Worse than planned downtime is the problem of cascading failures that are a direct result of the buddy style of replication. Cascading failures start with one or more node failures. Upon death detection a buddy will elect a new replica and being replicating to it. The new buddy of course is a member of the cluster, and it is often the case that the original failure was caused by high cluster load - meaning the new buddy is likely also experiencing high load. The addition of replication load + normal load results in a failure of the new buddy, and the process repeats in an exponential domino effect (since the new buddy was already buddies with someone else, and that someone else also tries to pick a new buddy and so on). Of course no one notices this problem until Black Friday and then everyone gets to read about it the next day in the NYTimes.

The Terracotta architecture is immune to these effects. It provides a well known location for data replication.
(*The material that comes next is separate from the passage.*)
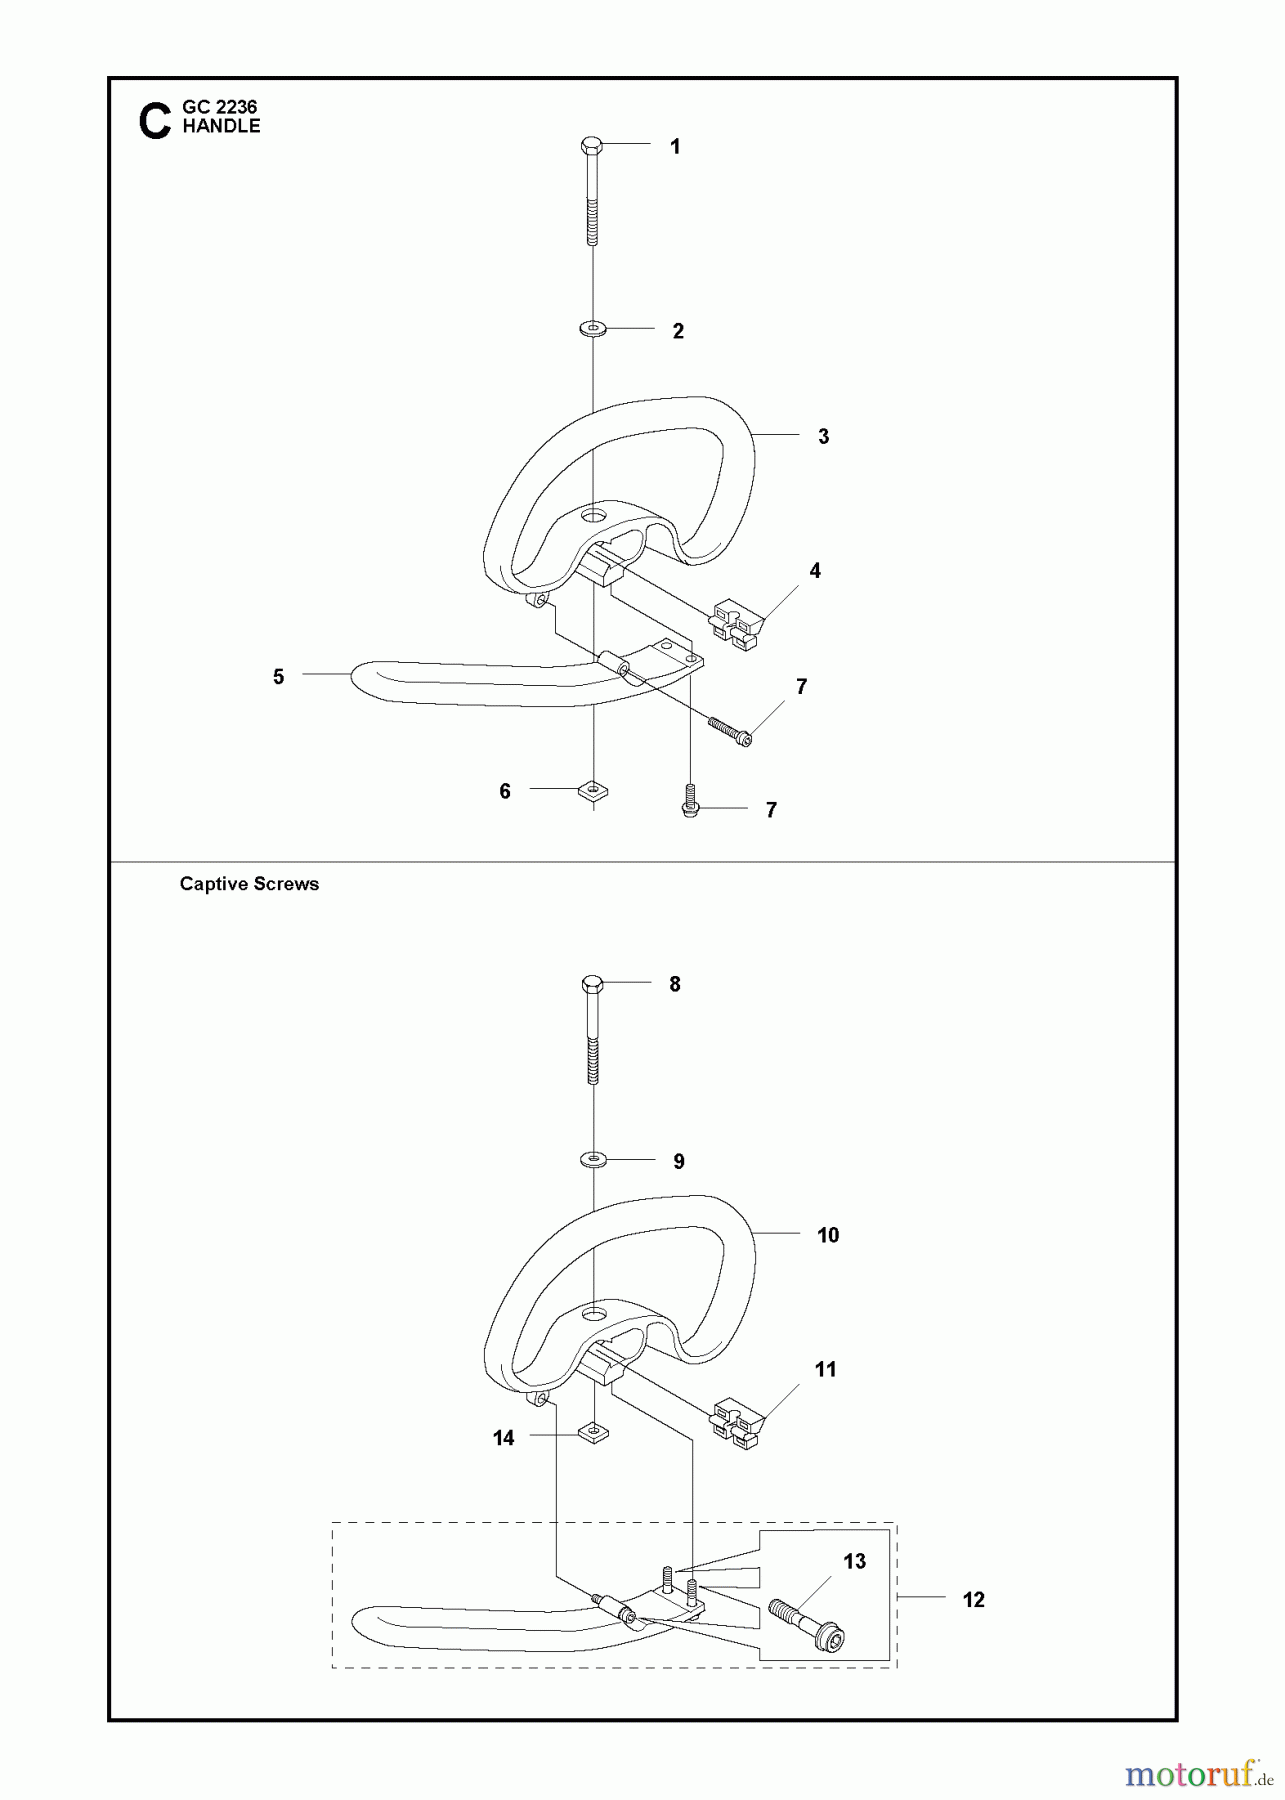  Jonsered Motorsensen, Trimmer GC2236 - Jonsered String/Brush Trimmer (2011-02) HANDLE

Knowing where the data is replicated is key to ensuring operational simplicity and eliminating the risk of cascading failures.

Regards,

Taylor Gautier - Product Manager - Terracotta

>I am getting sick of sites like Facebook that can't manage to show me the data I posted in a previous web page

Funny you mention this as I just read an article how they solved this with an adjustment in the mysql code. Problem was the 2 servers they used. Everytime the mysql database does a write the memcached was not updated and so the wrong data was shoen. They soolved it by changing the mysql code so that after a write it will destroy the memcached part if it exists so that on the next lookup it will get the changed data from mysql and write it back to memcached.

Nice article and discussion byw ;-)

After reading this article I have become a bit confused. For quite sometime I'm using Terracotta, but for sure there is some problem of *Single node bottleneck for writes*. I'm planning to shift to some system which provide peer-to-peer type of resilience. What do you suggest?

Umesh, there should be no reason you cannot achieve that with terracotta. Give them a call and get them to explain how you can obtain peer-to-peer type of resilience.

What is it that you are working on?

Lee